### [TASK]
Beginning with the line of the entries below that holds "Plan d'esquisse variante" and ending with the line that holds "سيتم عرض صور", transcribe each line exactly as written. Pictures stay out.

### [RECORD EXCERPTS]

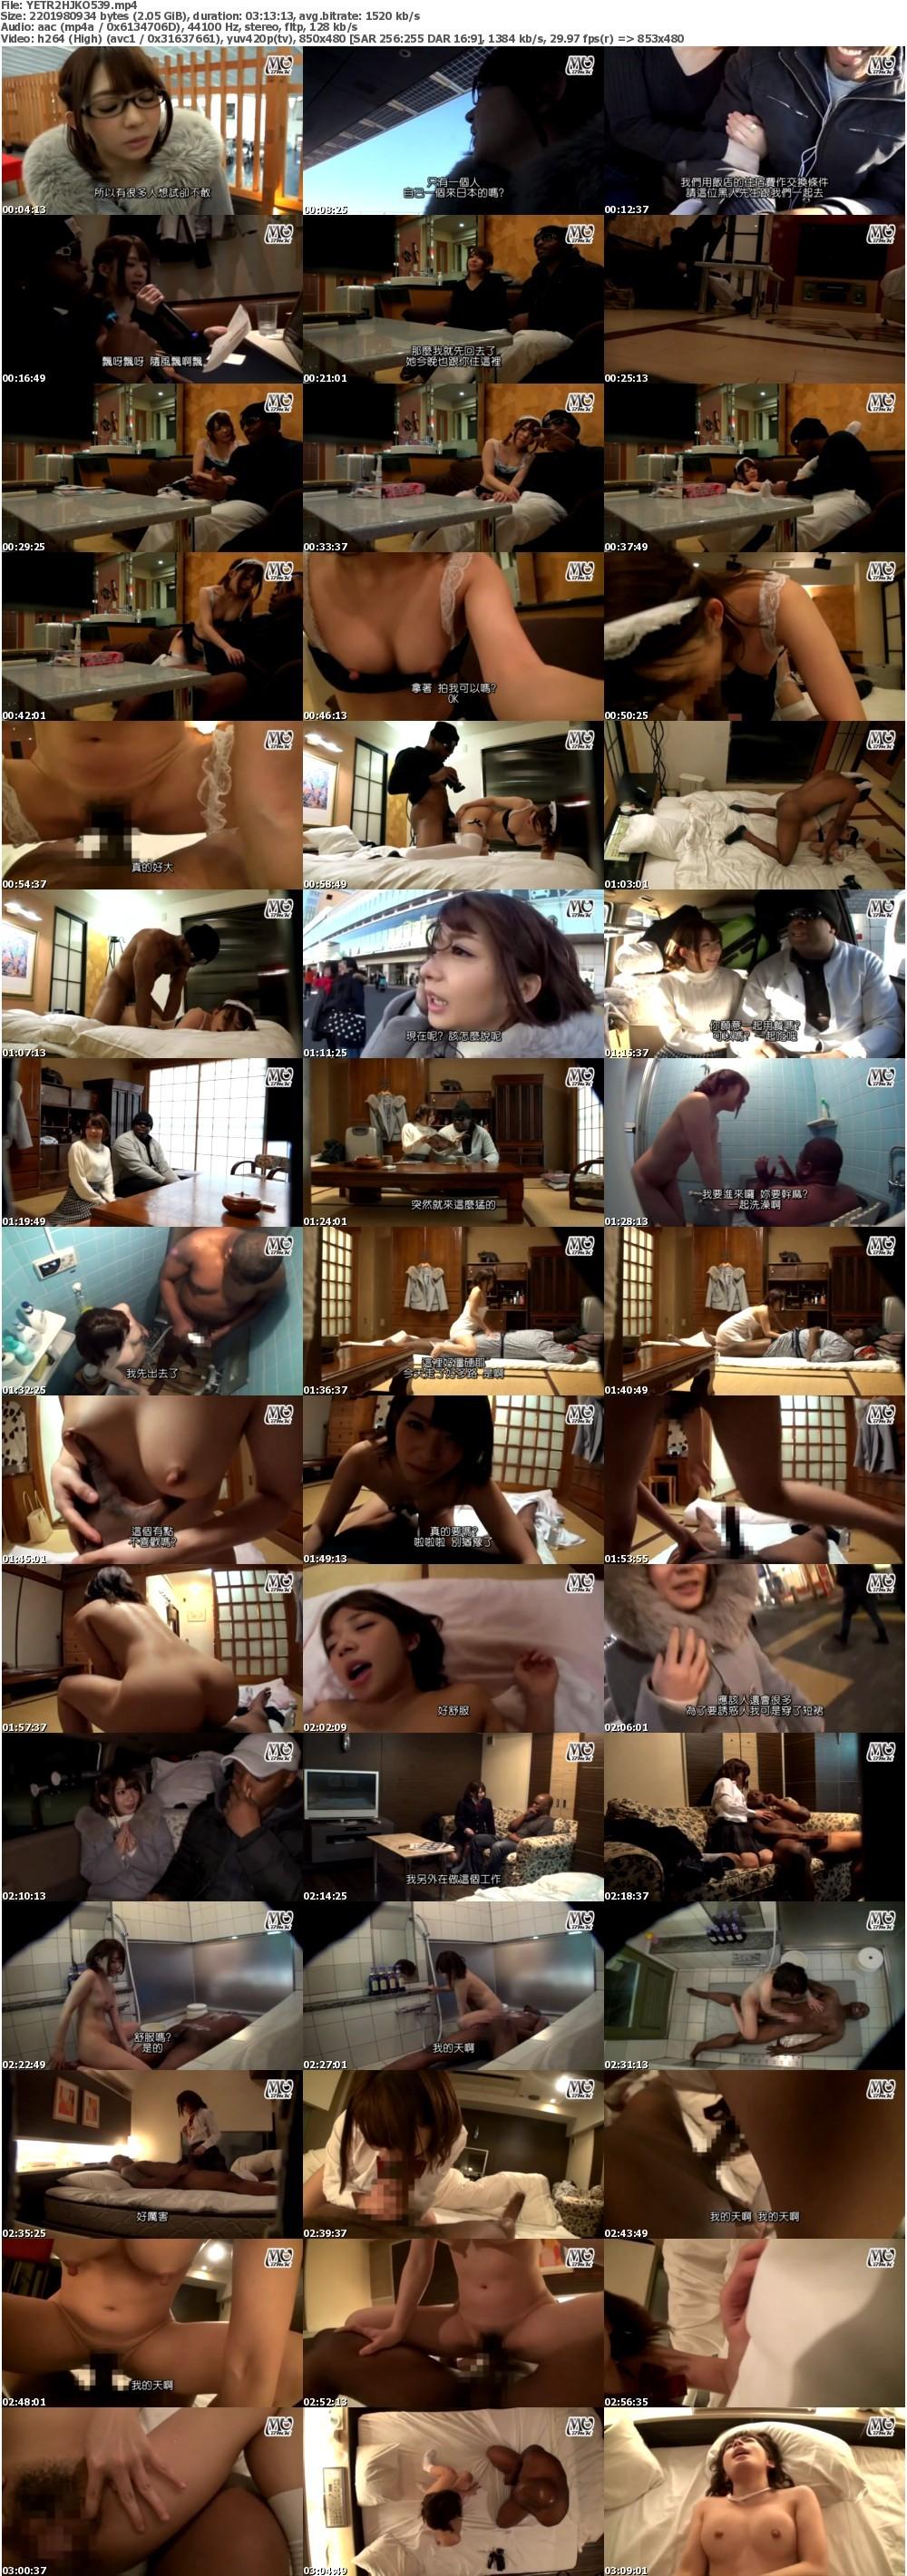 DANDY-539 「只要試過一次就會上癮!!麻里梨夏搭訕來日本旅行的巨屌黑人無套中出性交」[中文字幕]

--

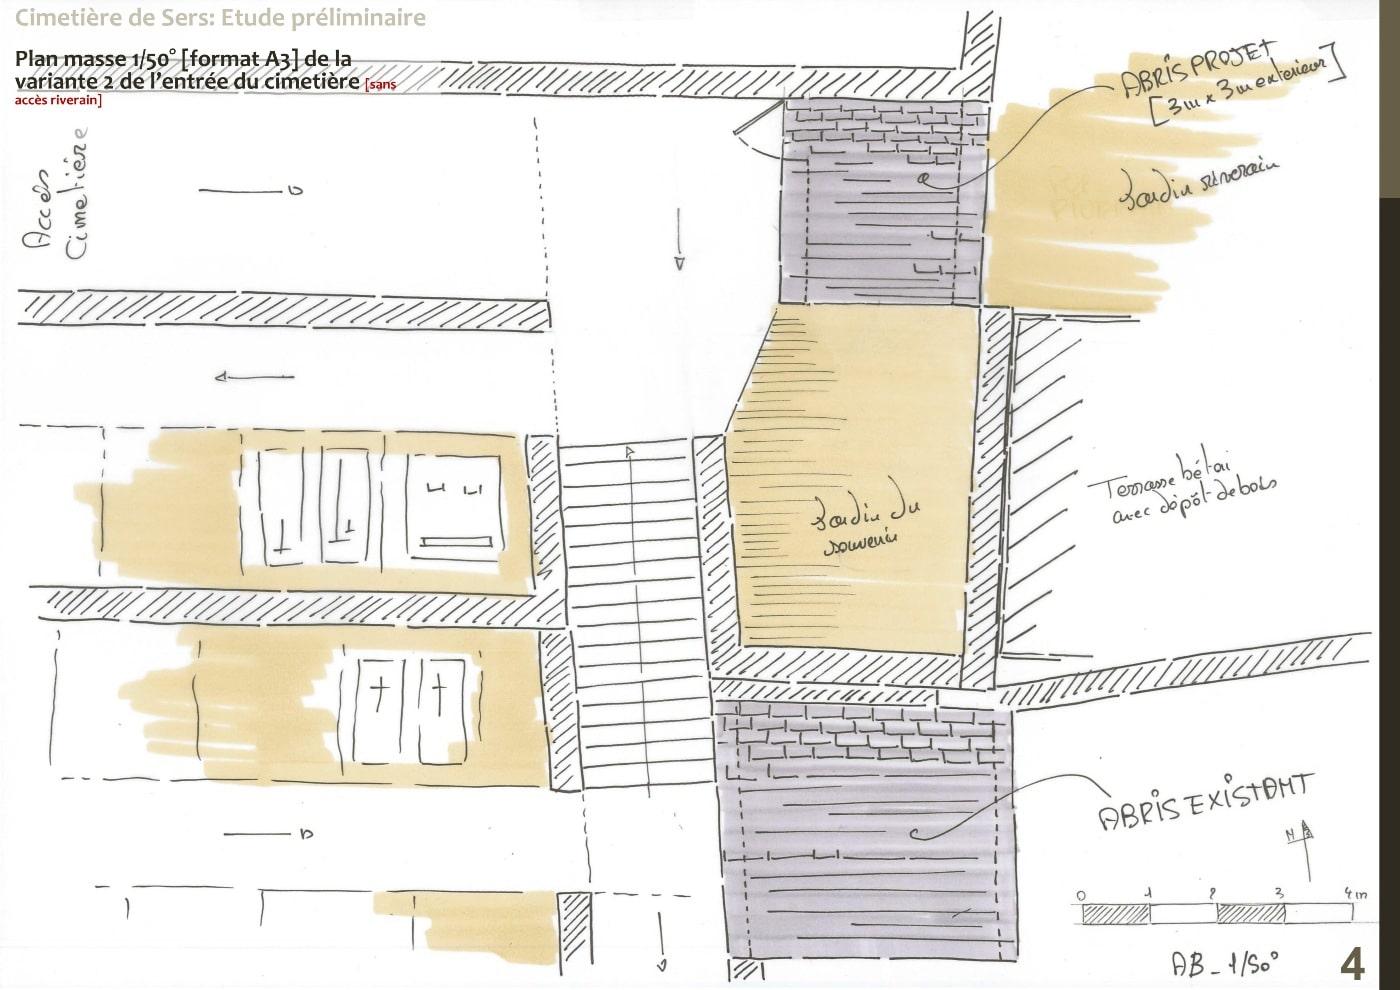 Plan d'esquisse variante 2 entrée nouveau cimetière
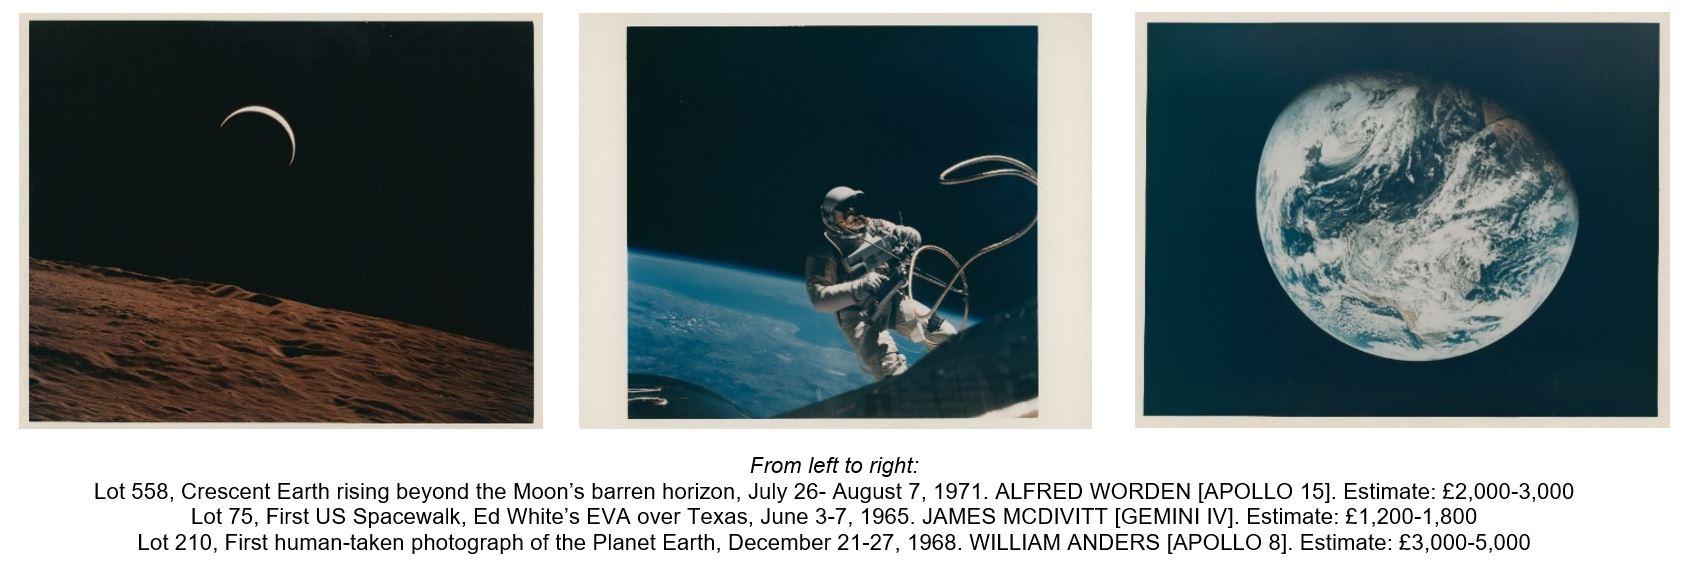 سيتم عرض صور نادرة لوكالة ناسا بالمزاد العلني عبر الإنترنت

--

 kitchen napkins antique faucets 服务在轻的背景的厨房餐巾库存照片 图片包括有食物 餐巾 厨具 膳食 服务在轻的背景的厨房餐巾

### [ANSWER FOR THE TASK]
 Plan d'esquisse variante 2 entrée nouveau cimetière
 سيتم عرض صور نادرة لوكالة ناسا بالمزاد العلني عبر الإنترنت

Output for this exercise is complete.